Data for the task -
========

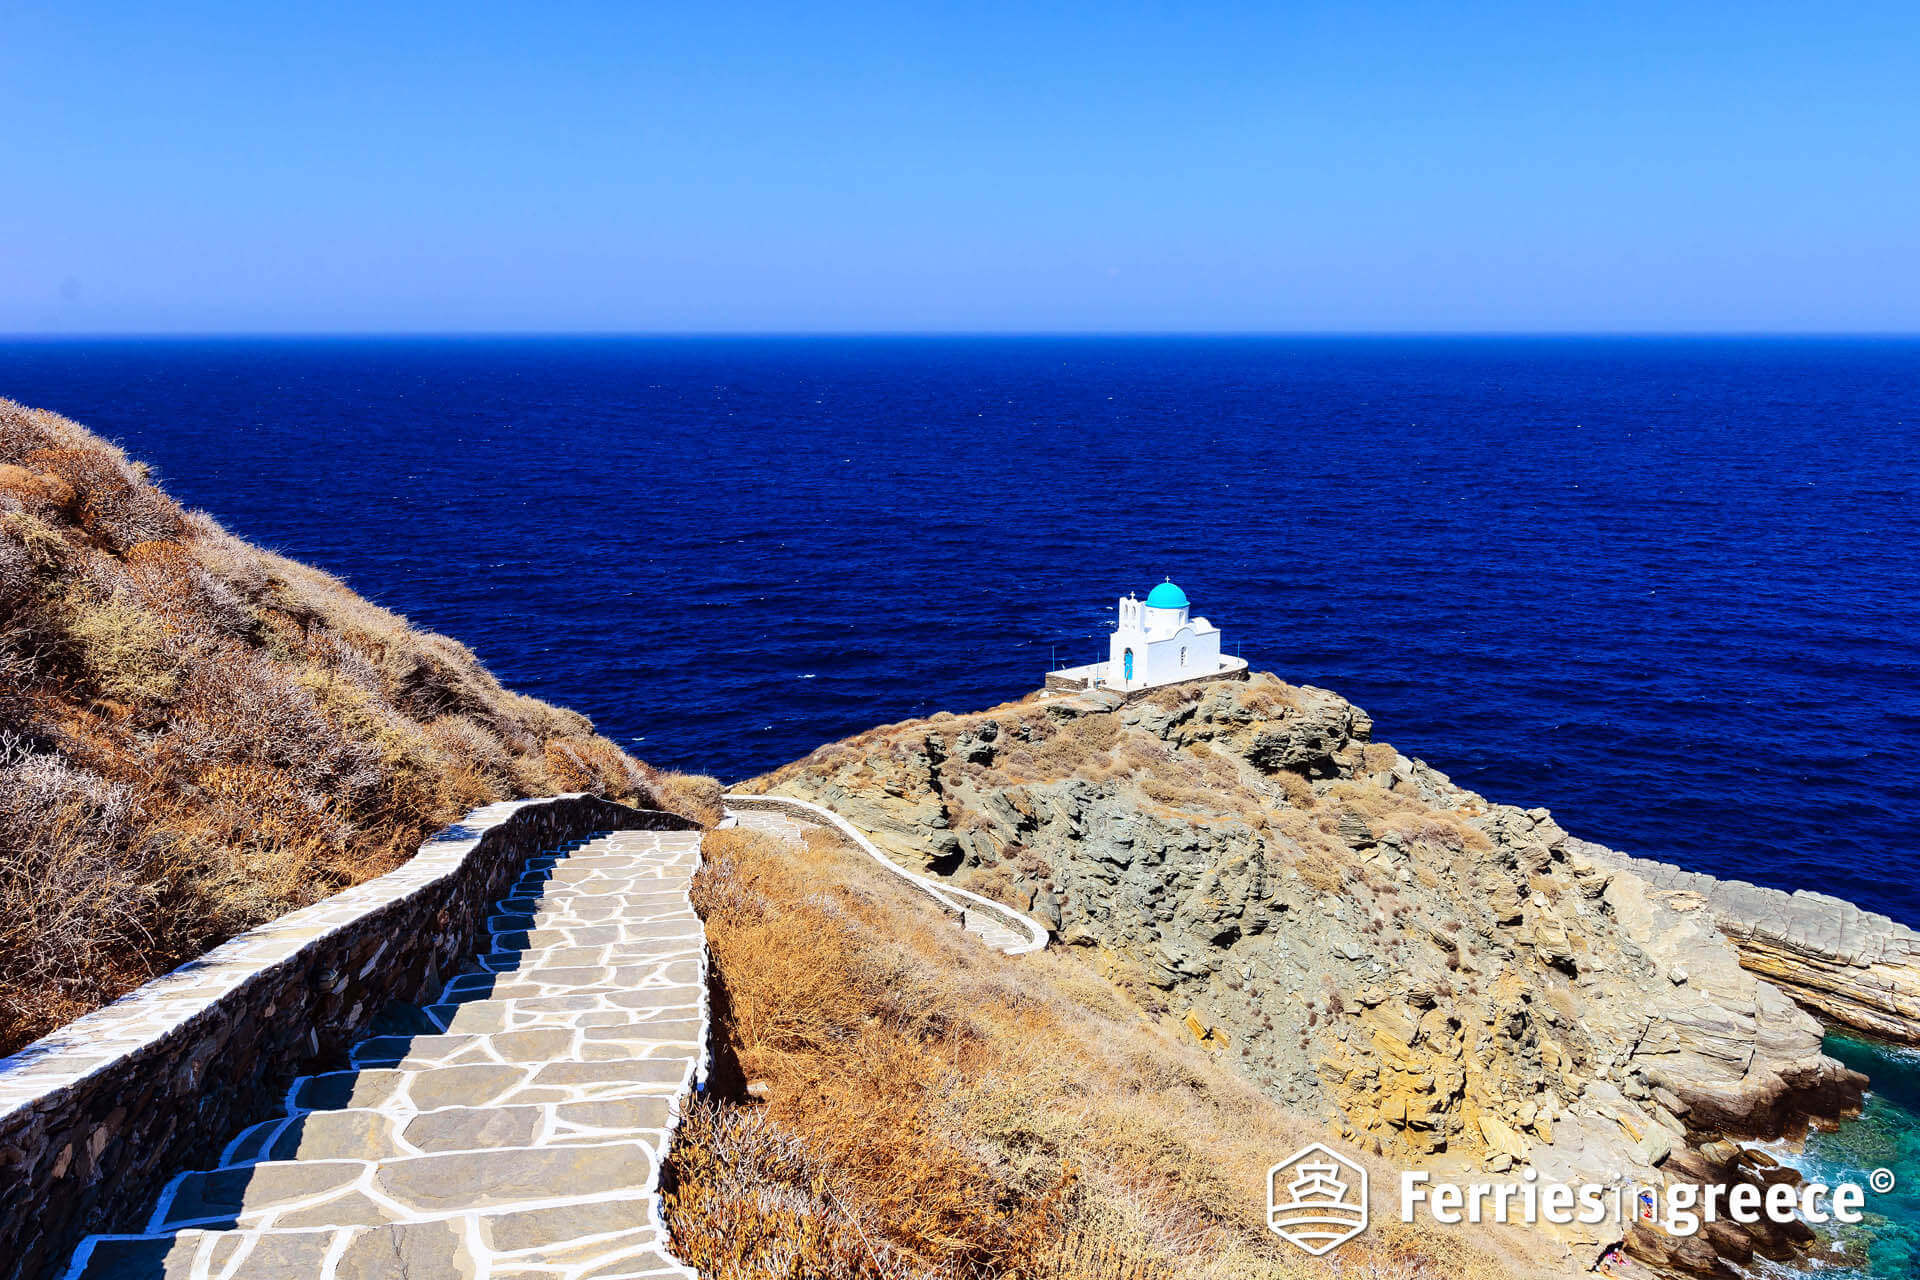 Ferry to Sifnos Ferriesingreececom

========

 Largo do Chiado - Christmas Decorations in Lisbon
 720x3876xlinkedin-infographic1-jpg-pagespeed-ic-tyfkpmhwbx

========

Task goal -
Produce a word-for-word copy of everything above from the line holding "Largo do Chiado" down to the line holding "720x3876xlinkedin-infographic1-jpg-pagespeed-ic-tyfkpmhwbx", with both of those lines kept.

Answer section -
 Largo do Chiado - Christmas Decorations in Lisbon
 720x3876xlinkedin-infographic1-jpg-pagespeed-ic-tyfkpmhwbx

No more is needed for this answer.